Kommentar

Fridays for Future: Die neuen 68er

Der Protest der jungen Klima-Generation wird oft von herablassenden Kommentaren begleitet und nicht selten belächelt. Reaktionen, die an die Zeit der 68er-Bewegung erinnern. Überhaupt gibt es zwischen beiden Generationen einige Ähnlichkeiten, findet hpd-Redakteurin Daniela Wakonigg.

In den 1960er Jahren begann die junge Generation aufzubegehren. Gegen die Generation ihrer Eltern und deren Angewohnheit, Probleme unter den Teppich zu kehren, um das Anwachsen des eigenen Wohlstands nicht zu gefährden. Die junge Generation wandte sich gegen den "Muff unter den Talaren", klerikale Bevormundungen, Nachkriegskarrieren von Nazi-Verbrechern und Ungerechtigkeiten aller Art. Dafür wurde sie von den Älteren beschimpft. "Geht lieber arbeiten, statt zu demonstrieren!" war zu hören. Weltfremdheit und Idealismus wurde den jungen Menschen attestiert. Dass sie Zusammenhänge nicht verstünden. Und dass sie schon zur Vernunft kämen, wenn sie erstmal sich selbst und eine Familie unterhalten müssten. Gern zog man sie auch ins Lächerliche, wenn die realen Taten nicht einhundertprozentig den verkündeten Idealen entsprachen.

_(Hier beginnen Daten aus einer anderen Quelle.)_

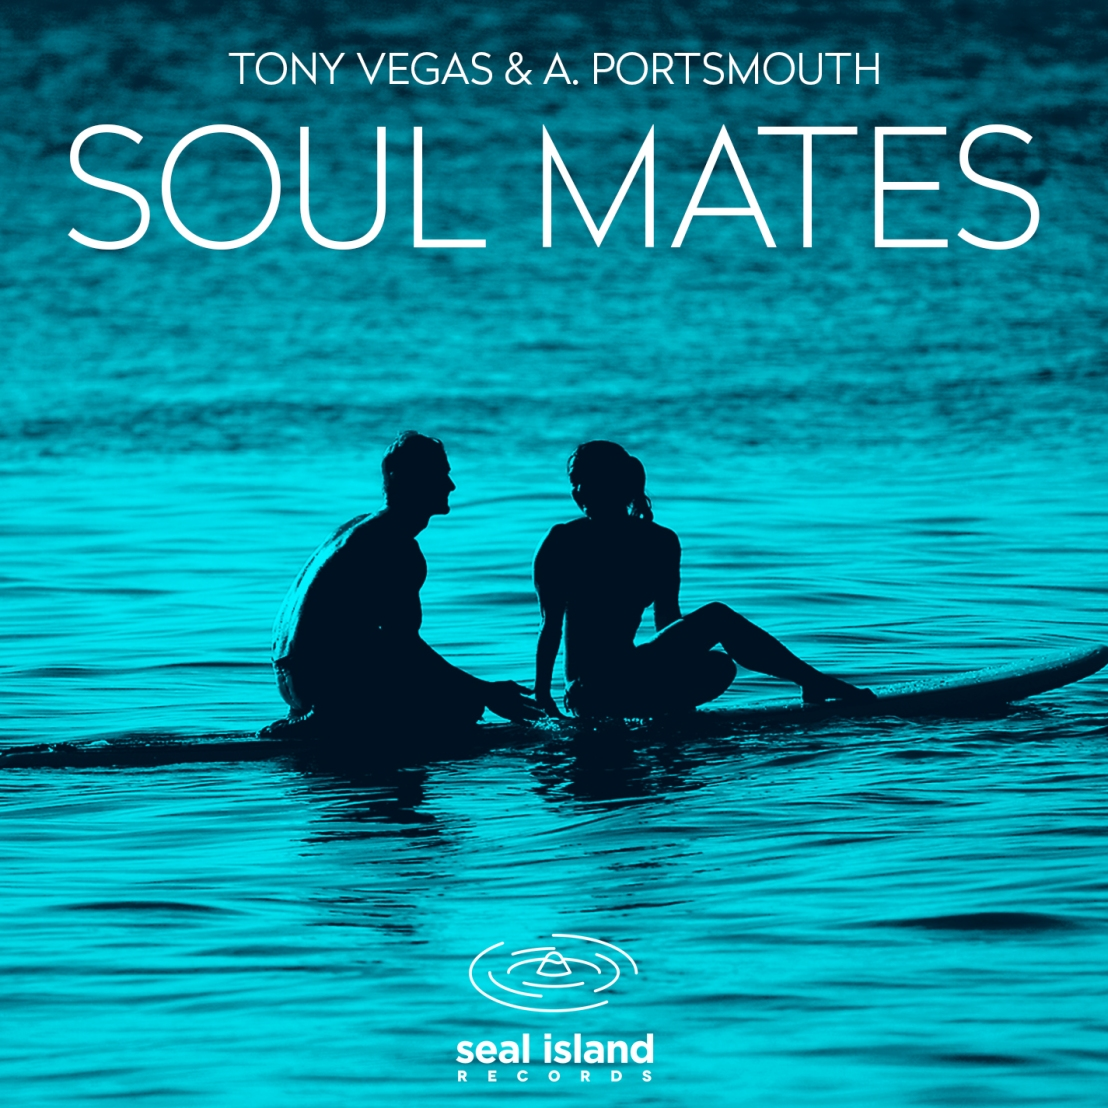 Tony Vegas & A. Portsmouth – SoulMates

Gut 50 Jahre nach den 68ern begehrt nun eine neue junge Generation auf. Ihre Bewegung hat so schnell und so massiv weltweit Anhänger gefunden, dass man mit Fug und Recht behaupten darf, dass hier ein Nerv getroffen wurde. Seit Jahrzehnten ist bekannt, dass ein menschengemachter Klimawandel im Gange ist, der gravierende Auswirkungen auf die Natur und die Menschen auf diesem Planeten haben wird. Dürrekatastrophen auf der einen Seite und  Überschwemmungen und Unwetter auf der anderen werden zu Wasser- und Lebensmittelknappheiten führen. Sie werden für Flüchtlingsströme sorgen, gegen die die derzeitige Migration aus Kriegs- und Wirtschaftsgründen harmlos erscheinen wird. Seit Jahrzehnten ist nicht nur bekannt, dass dies passieren wird, es ist auch bekannt, was getan werden muss, um die Auswirkungen des Klimawandels halbwegs erträglich zu gestalten. Doch geschehen ist in dieser Hinsicht wenig.

Wie einst die 68er dagegen aufbegehrten, dass Unangenehmes totgeschwiegen wurde, begehrt nun die junge Generation auf gegen das Marginalisieren des Klimawandels. Denn totgeschwiegen wurde er eher selten. Nur verharmlost. "Ein bisschen wärmeres Wetter – nun ja, wem wird das schon groß schaden? Weniger Heizkosten im Winter, mehr Bräune im Sommer. Top!" Freilich drehte man pro forma auch an der einen oder anderen Stellschraube zur Verringerung von Emissionen. Doch nie zu fest. Um ja der Industrie nicht zu schaden. Der heilige Gral "Wohlstand & Arbeitsplätze" überstrahlte alles und verdrängte jedes sinnvolle Handeln. Übrigens auch jenes sinnvolle Handeln, das durch Förderung klimaschonender Innovationen zukünftige Arbeitsplätze geschaffen hätte.

Von dieser Untätigkeit hat die Klima-Generation nun genug. Sie geht freitags auf die Straße statt in die Schule und begehrt auf. Dafür wird sie beschimpft. "Geht lieber zur Schule, statt zu demonstrieren!" ist zu hören. Weltfremdheit und Idealismus wird den jungen Menschen attestiert. Dass sie Zusammenhänge nicht verstehen. Und dass sie schon zur Vernunft kommen werden, wenn sie erstmal sich selbst und eine Familie unterhalten müssen. Gern zieht man sie auch ins Lächerliche, wenn die realen Taten nicht einhundertprozentig den verkündeten Idealen entsprechen.

Geschichte wiederholt sich. Statt die Klima-Generation verächtlich zu machen, wäre es deshalb sinnvoll, sie ernst zu nehmen. Denn sie hat Recht, genauso wie seinerzeit die 68er-Generation. Natürlich: Auch die 68er sind nicht immer jung und idealistisch geblieben. Einige von ihnen wurden satt und bürgerlich und glichen irgendwann jenen, die sie einst kritisiert hatten. Dieses Schicksal wird wahrscheinlich auch an der jungen Klima-Generation nicht vorbeigehen. Doch bis dahin wird sie etwas verändert haben, ob es den derzeit Etablierten passt oder nicht. Auch hierin wird sie den 68ern gleichen.